Option A is correct because Vertex AI Endpoints' latency metric includes both the model inference time and the time taken to write prediction logs to Cloud Logging. This log writing occurs asynchronously but can cause periodic spikes in the reported latency metric when log buffers flush, even though the actual user-facing prediction latency remains unaffected. The spike every hour aligns with log rotation or buffer flush intervals, not with actual prediction performance degradation.

Exam trap

Google Cloud often tests the misconception that latency metrics reflect only model inference time, when in reality they may include ancillary operations like logging, causing candidates to overlook the logging overhead as the source of periodic spikes.

How to eliminate wrong answers

Option B is wrong because the alert threshold being too low would cause continuous or frequent alerts, not a predictable hourly spike in the latency metric itself.
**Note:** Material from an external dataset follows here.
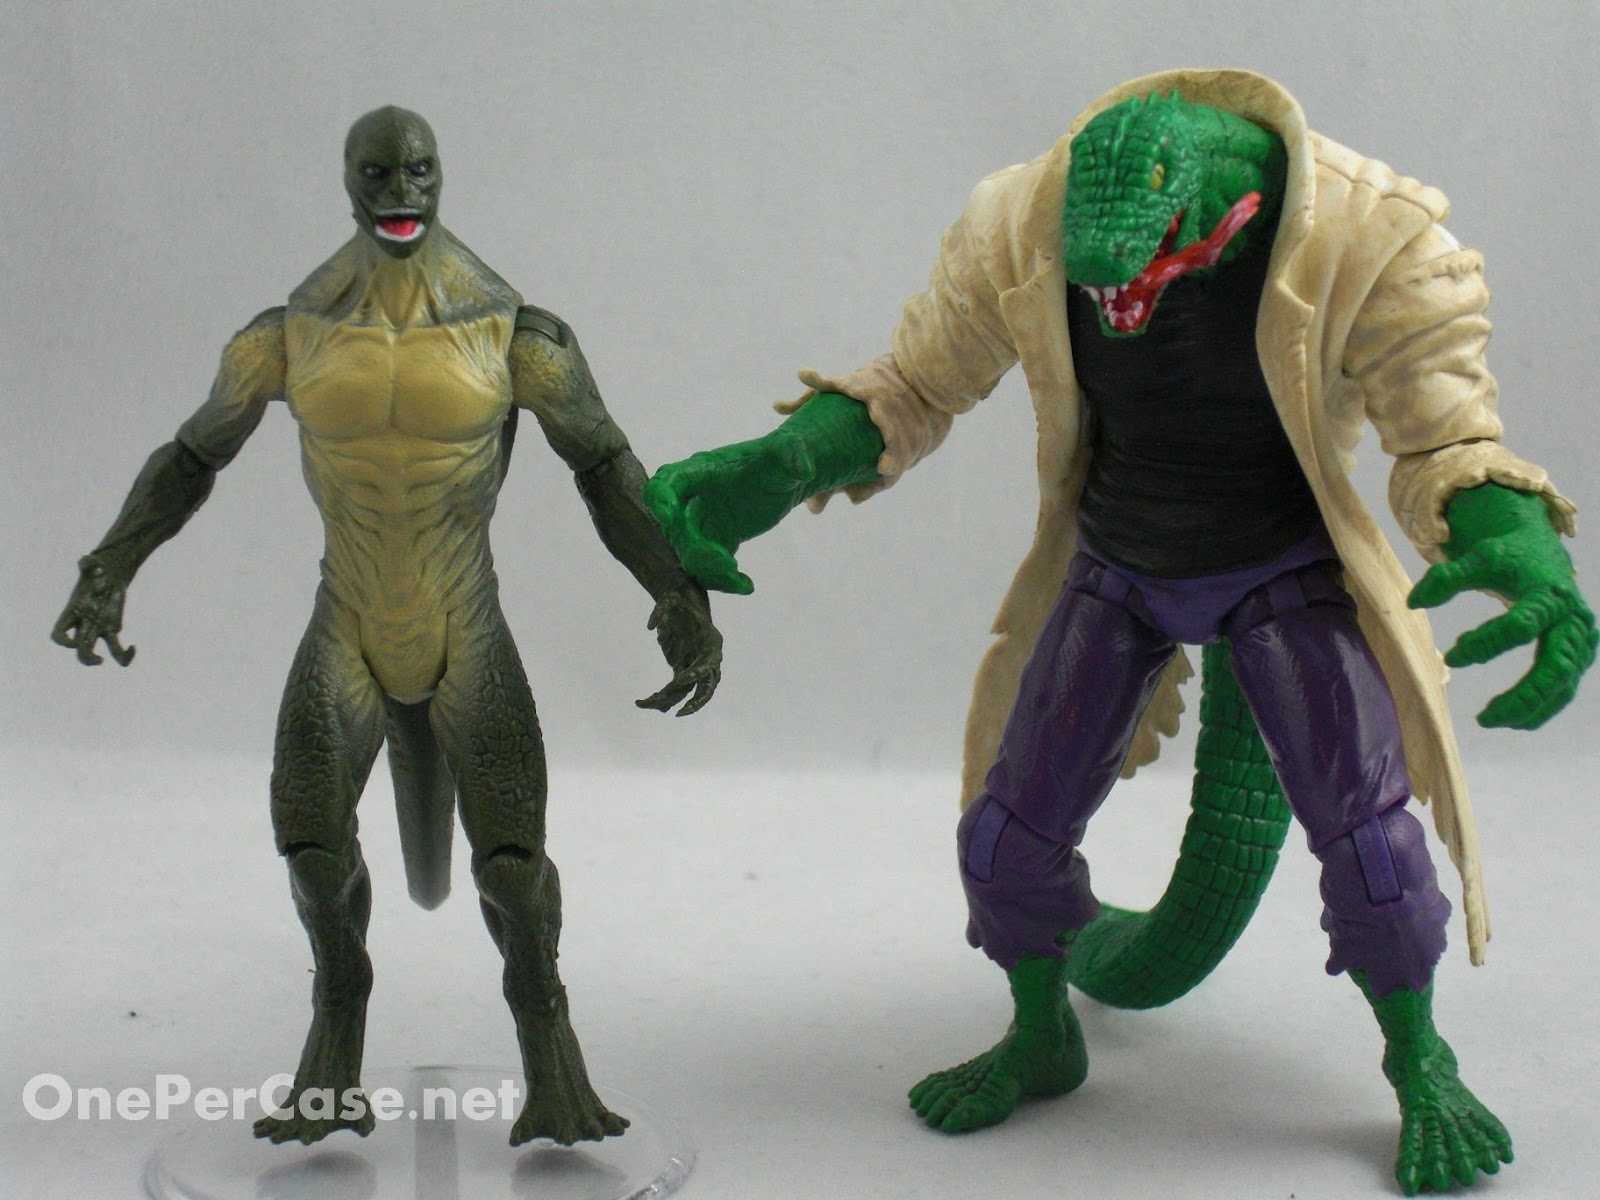 Must see Wallpaper Marvel Lizard - Hasbro+Marvel+Universe+The+Amazing+Spider-Man+Reptile+Blast+Lizard+Movie+Series+Action+Figure+2012+(13)  Trends_98288.JPG

Option C is wrong because sampling every hour would produce a single data point per hour, not a spike within the metric; the metric is reported continuously, and sampling frequency does not create spikes. Option D is wrong because a monitoring agent on the VM would add consistent overhead, not a periodic hourly spike, and Vertex AI Endpoints are managed services where customers do not manage VMs directly for prediction serving.

Practice this question →

MCQhard

A financial services firm deploys a binary classification model for fraud detection. The model's precision is 0.95 and recall is 0.60 on the test set. After deployment, the fraud rate in production is 0.5% compared to 5% in the test set. The model shows good calibration on the test set (Brier score 0.02) but poor calibration in production (Brier score 0.15). What is the most likely explanation for the calibration degradation?

A.The distribution of input features has shifted significantly, causing the model to produce incorrect probabilities.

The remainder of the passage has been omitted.